Scottish folk rock band

Torridon are a Scottish folk rock band from Ross-shire formed in 2005. The band have played throughout Europe and released their first album, Break The Chains, in 2019.

Songs are jointly written by backing vocalist, and founding member Kenny Smith, and lead vocalist Michael MacMillan.

== History ==

=== Formation ===
Torridon were founded in 2005 by Kenny Smith, the backing vocalist and co-writer who is supported by lead vocalist and co-writer Michael MacMillan.

=== Live performances ===
Torridon have played in Loopallu, Belladrum, Killin, Tiree, Killin, Bute and Mull festivals, at The Ironworks in Inverness, The Lemon Tree in Aberdeen and at Glasgow’s O2 Academy.
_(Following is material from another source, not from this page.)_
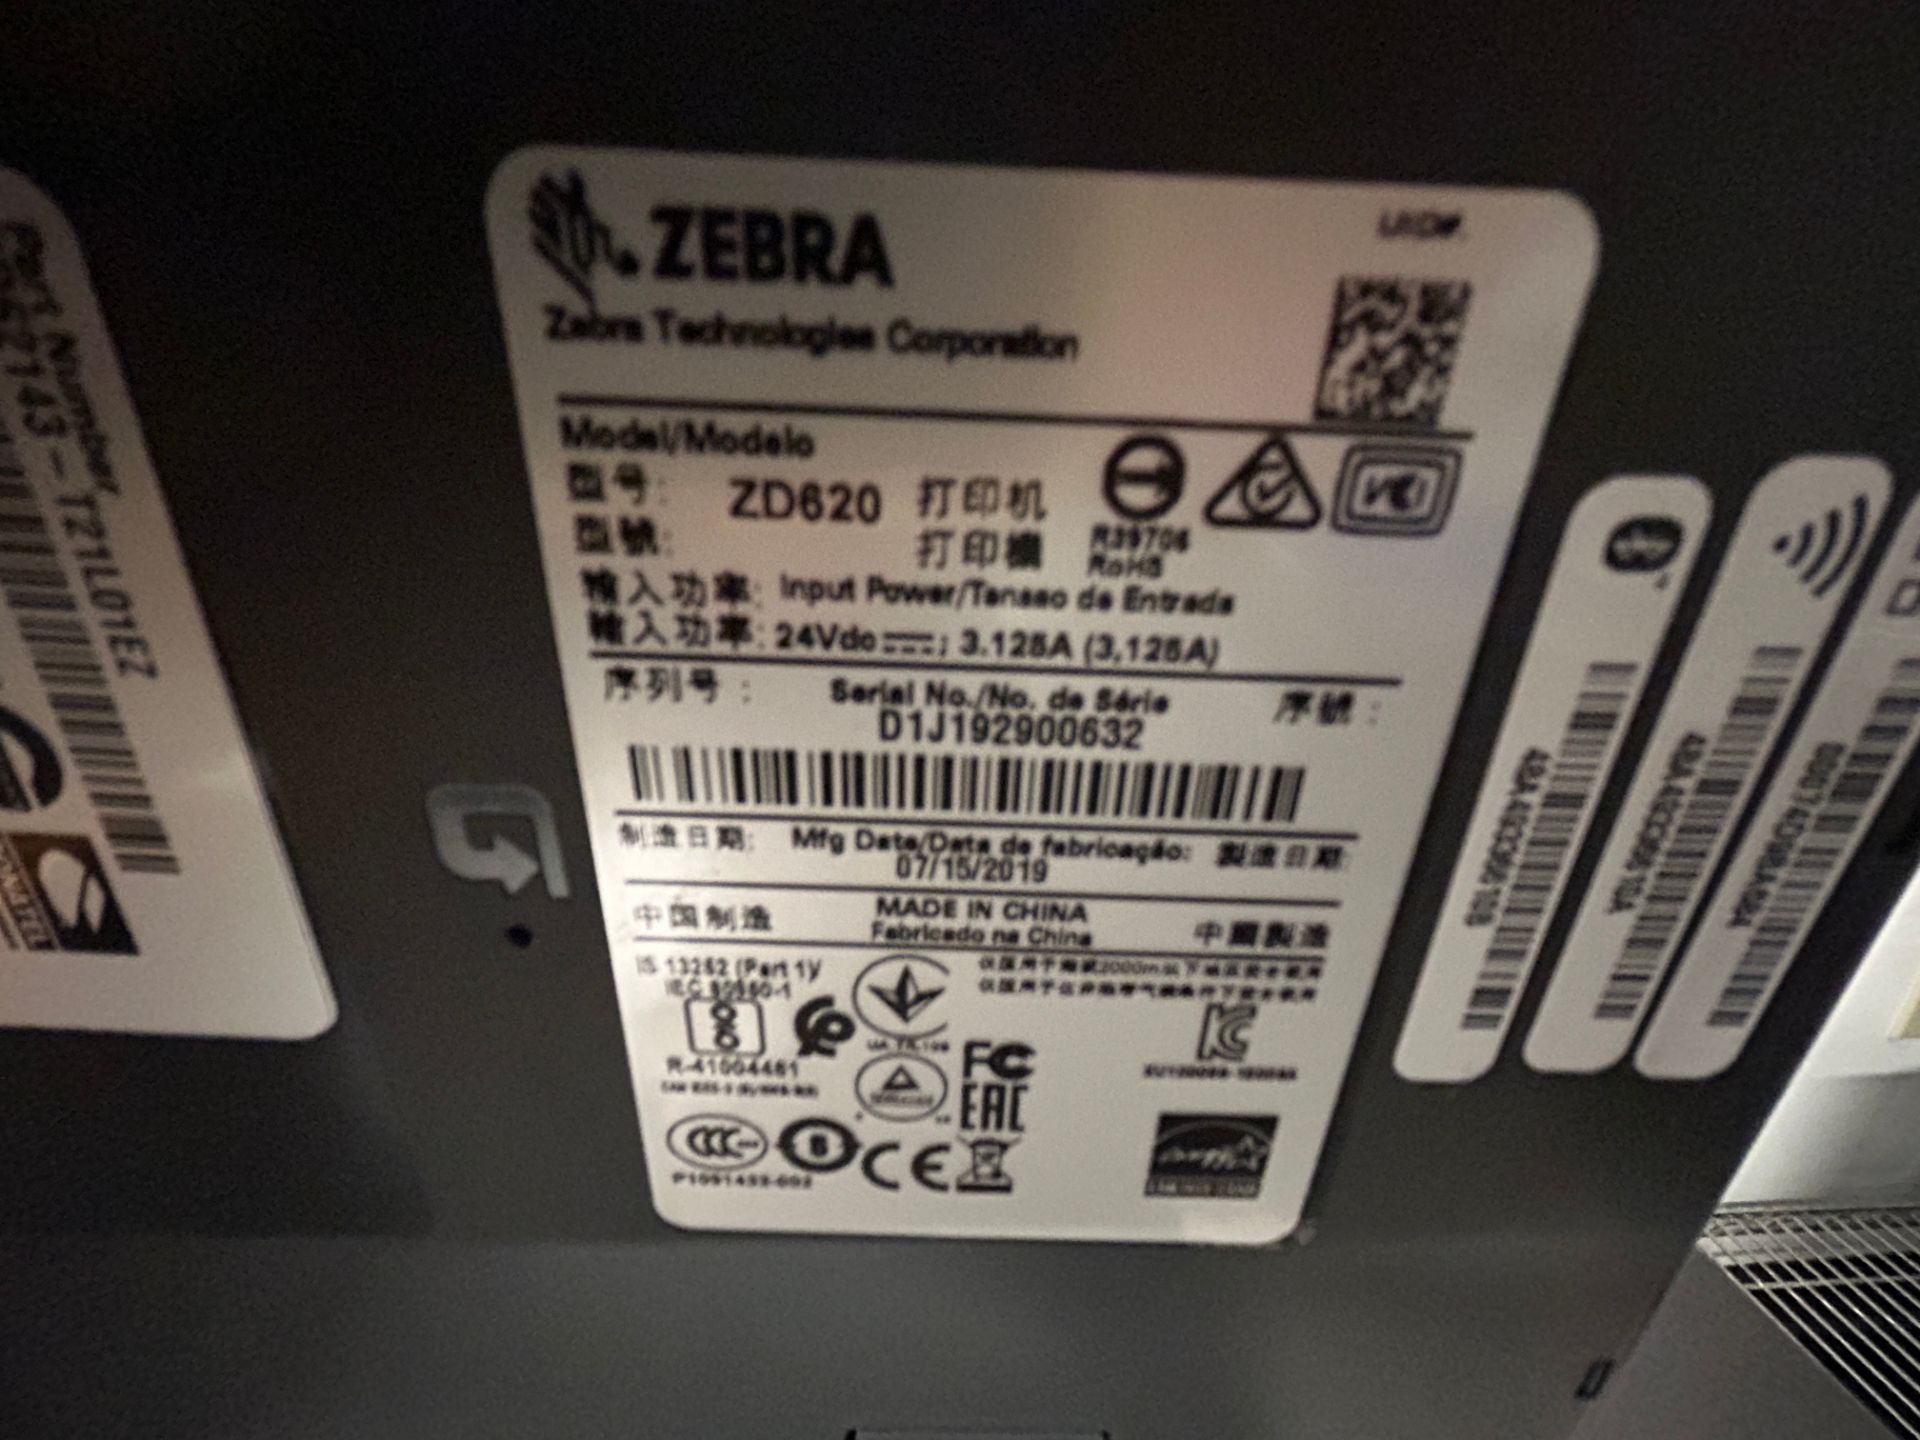 ZEBRA Mdl ZD620, Direct Thermal Label Printer, USB + Ethernet , Networkable, LCD Screen, 203 x 203 - Image 3 of 4

Outside Scotland, they have played in Ukraine, France, and Italy.

=== Discography ===

==== Break The Chains (2019) ====
Fourteen years after forming, Torridon released their debut album Break The Chains on 20 September 2019. The album deals with themes of mental health and suicide, referring to the lived experiences of band members.

Tracks include Lighthouse, Sweet 16, Highland Girl, Here We Go Again, Drinking Away and No Bills To Pay.

== Musical style ==
They are well known for their energetic live performances and use of bagpipes. Their style was described by as being at the "rock/pop end of the folk-rock spectrum" by Paul Mansfield writing in The Living Tradition, Mansfield also compared their style to that of Runrig, The Saw Doctors, Deacon Blue, and Big Country.